When artist John Fehringer first arrived in Juneau in 1980 he was quickly captivated, like so many others, by the romance of Alaska.
"I was 25 years old," Fehringer said, "and this was the adventure of my life." What Fehringer didn't realize in those early days was just how much aviation would come to be part of his new home and the art he would make there.
Fehringer is most widely known for the eye-catching labels of the Alaskan Brewing Company that carry his images on their bottles. Capturing many aspects of Alaska life from eagles and bears to boats and outdoor sports -- even surfing -- the labels stand out due to Fehringer's distinctive use of light. His favorite time of day is the hour before sunset when the light is "low and sharp."
"In the middle of the day," he explained in a recent phone conversation, "there is no drama, no contrast." Perfect light is what Fehringer seeks and it was light that brought him to his first aviation painting, "Descent:"
I was not an aviation person but I saw planes all over Juneau. They are everywhere -- part of the uniqueness of living in Alaska. In Southeast there are all these planes on pontoons that I couldn't help but notice. I had taken some photos of a plane coming in one day and when I got them back I knew I had something. "Descent" became my first aviation piece and it sold out in a couple of months. So from then on, I started painting more aircraft.
What Fehringer did not expect was the positive reception his new subject received from pilots who began attending his shows and seeking him out to discuss his technique. All too often, though, he found he could not answer their more technical questions. Determined to be as accurate as possible, and able to engage with his new customers, he took an unusual step and enrolled in ground school in Juneau. He followed that up by later obtaining a private pilot's license in Arizona. "Now," he said, "I could talk about flying and understand better what the pilots were saying to me."
"Descent" has been followed by many other aviation paintings including "Early Arrival," "Deliverance" and "Play Misty." His most recent aircraft painting is "Many Happy Returns," which includes his first wheeled aircraft. "It felt empty at first," he says, "without the pontoons. I was not sure if the light and the drama would come through with all that space." He wanted the challenge though, and possibilities of a different type of aircraft.

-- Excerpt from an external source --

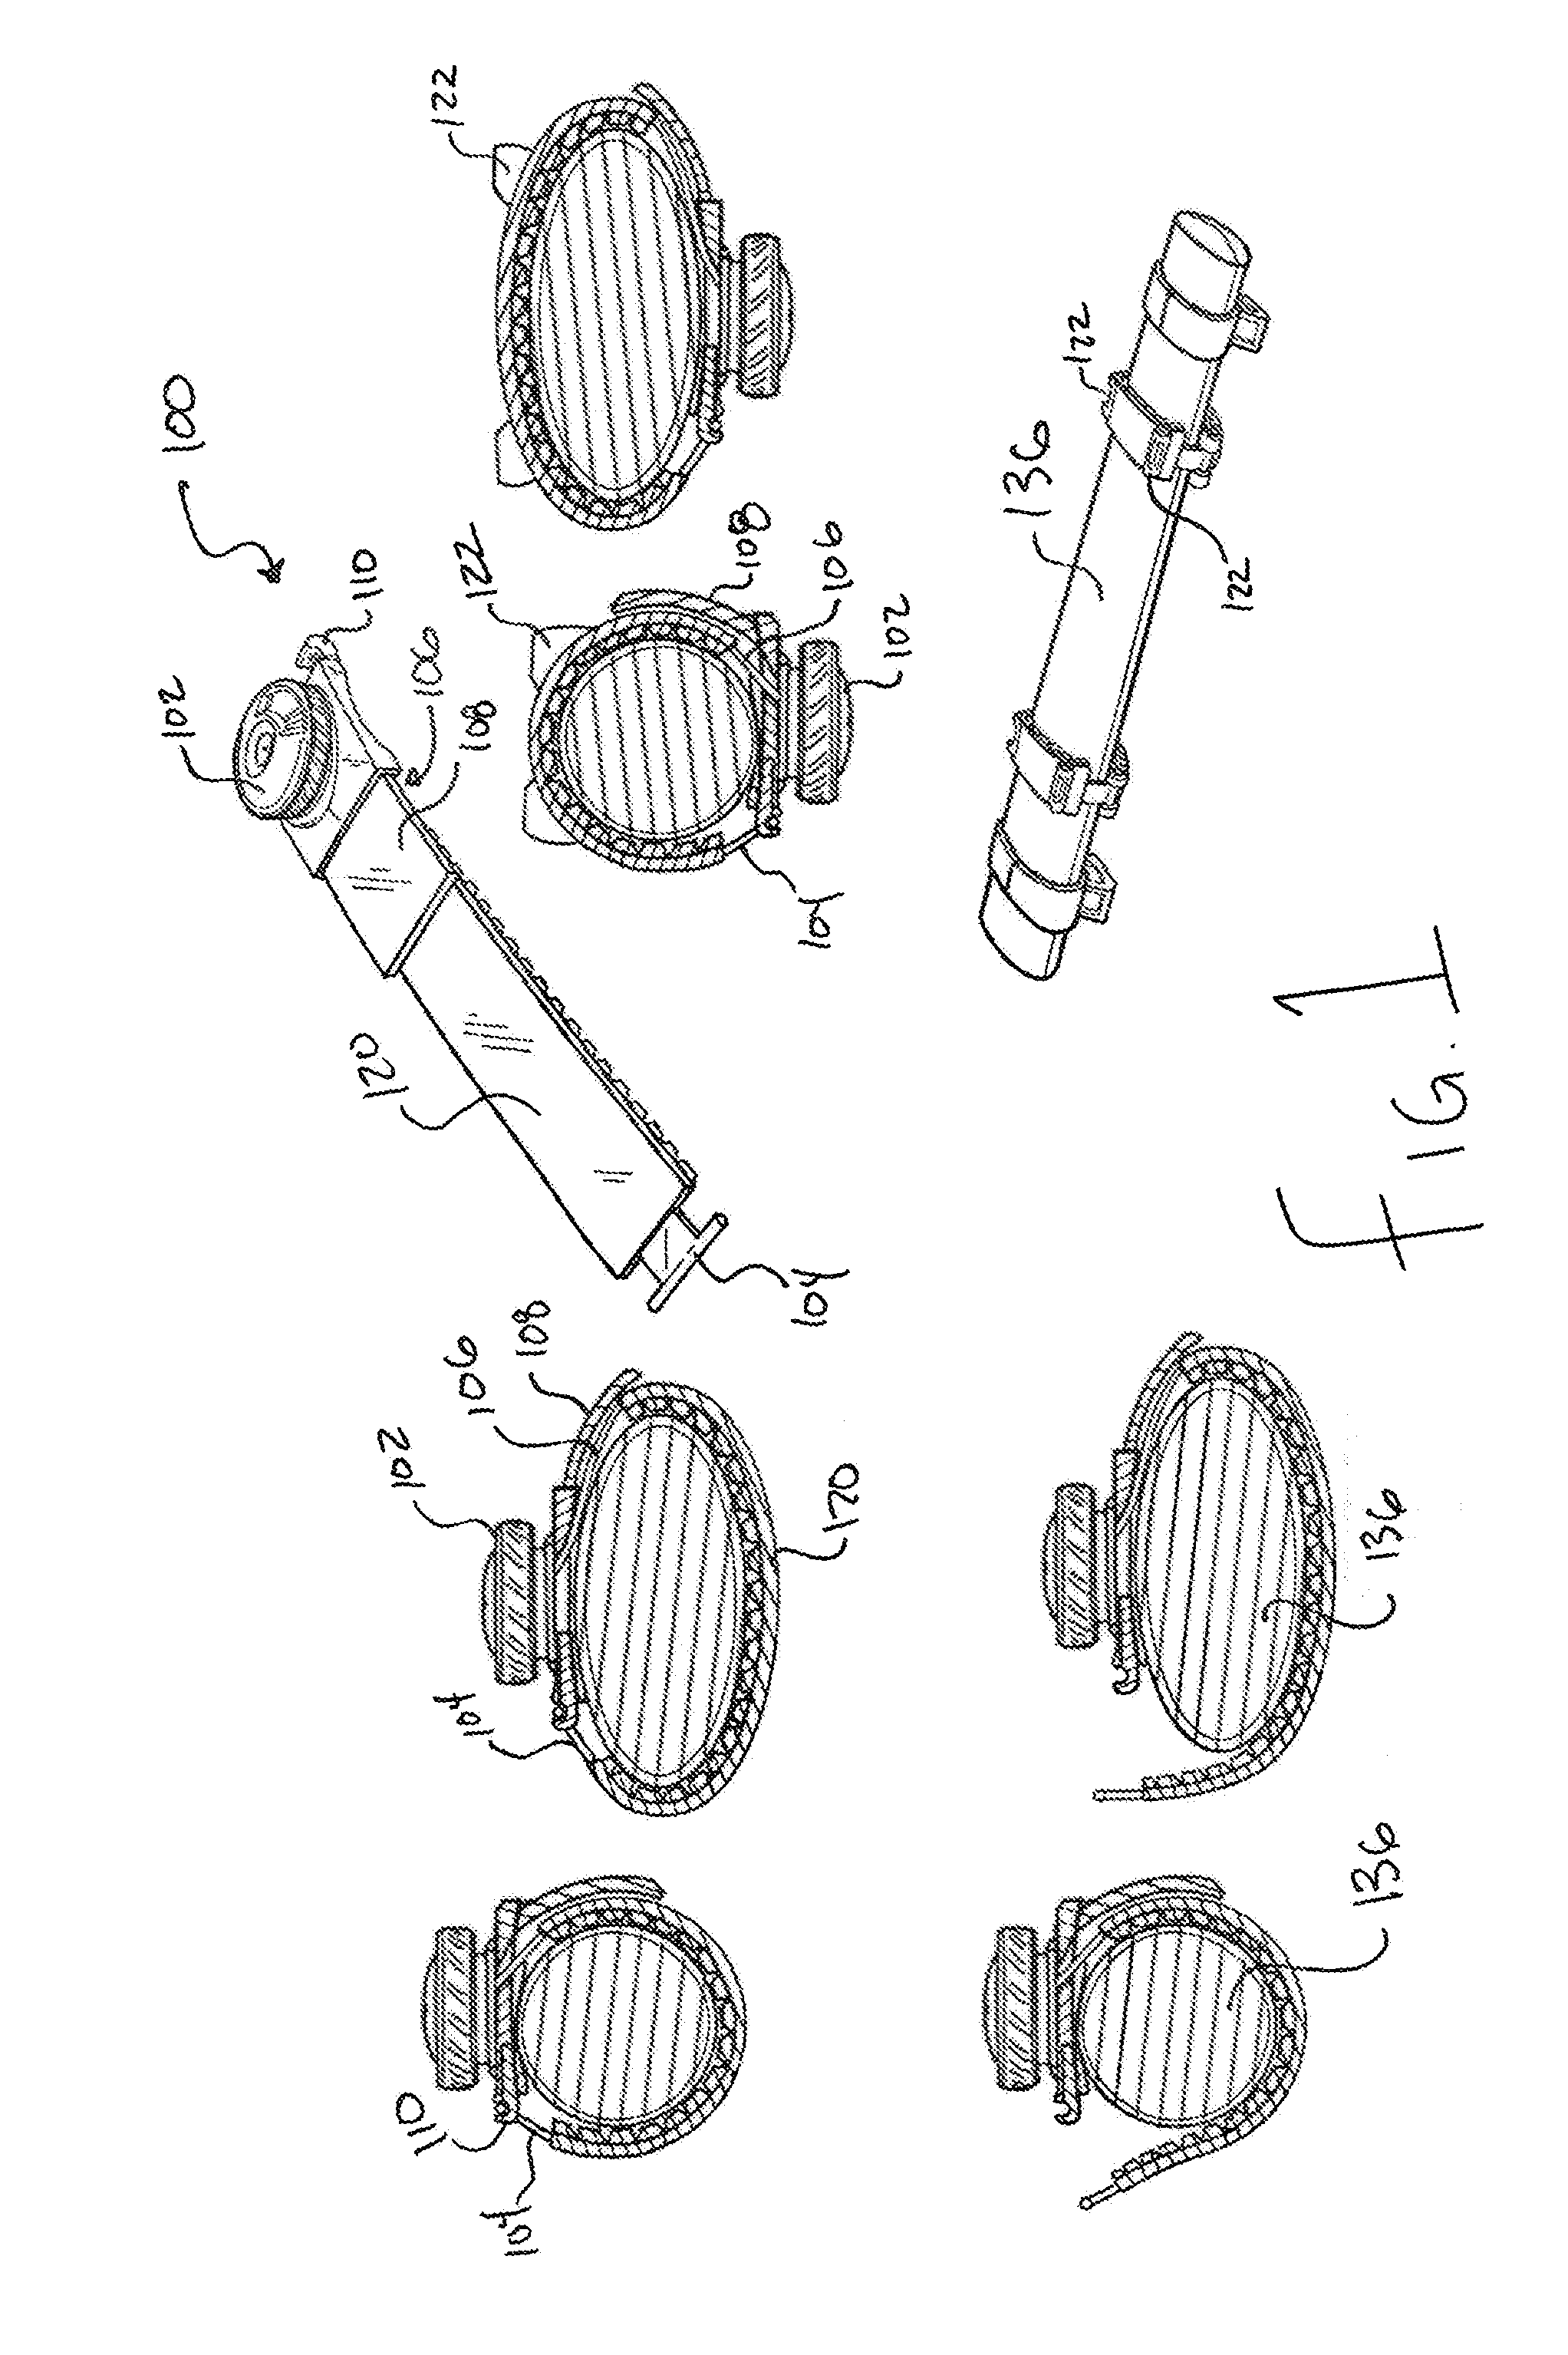 Closure devices for coupling components to racks and methods therefor

Fehringer is quick to make clear he is an artist first and foremost, and has very low flight time. And though he works hard to be accurate about the mechanics of flying, his paintings are, more than anything, just another step in his continued effort to capture the spirit of adventure that impressed him so long ago when he arrived in Alaska.
"There was no adventure where I came from," he explains. "I paint these aircraft because of the beauty and romance I see behind them. They have become characters to me in the story I am trying to tell of Alaska."

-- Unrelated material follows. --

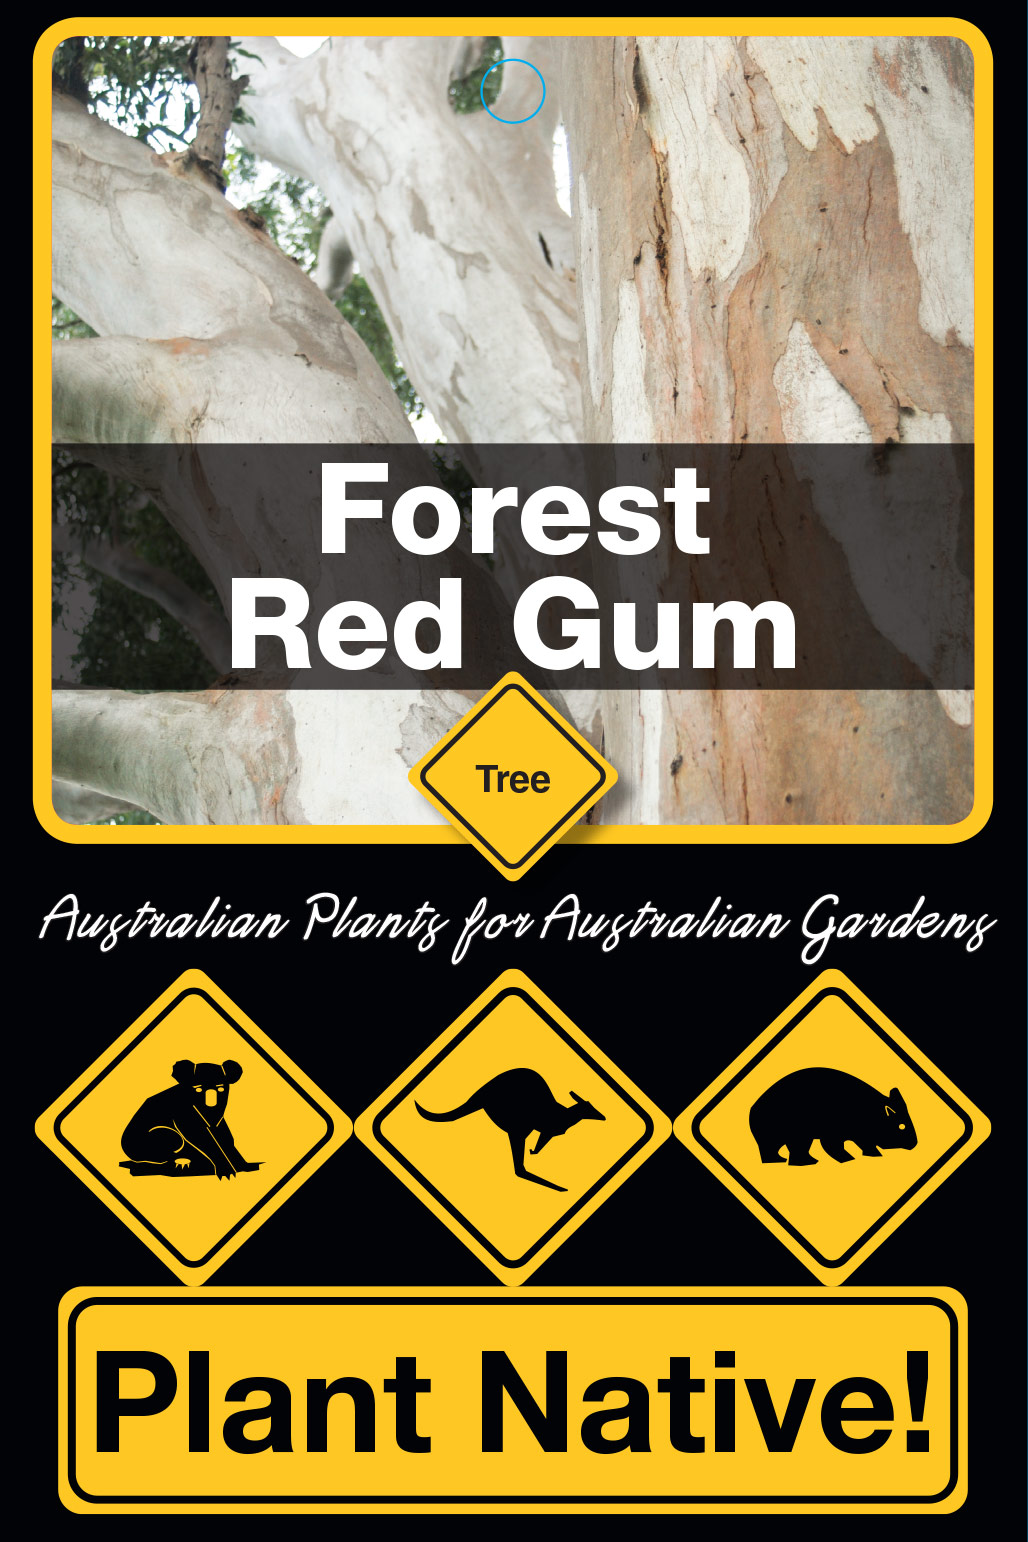 Forest Red Gum - Plant Native!

Many artists have come to Alaska and contributed to the always-evolving vision of the state and its singular place in American mythology. What John Fehringer continues to see is that first moment when he walked off the ferry in Juneau and found something his life had been missing. That moment of awe is what he hopes to share in every painting, he said. Fortunately for pilots, his landscape includes the sight of aircraft winging their way through some of the best flying in the world and always with spectacular light on their side.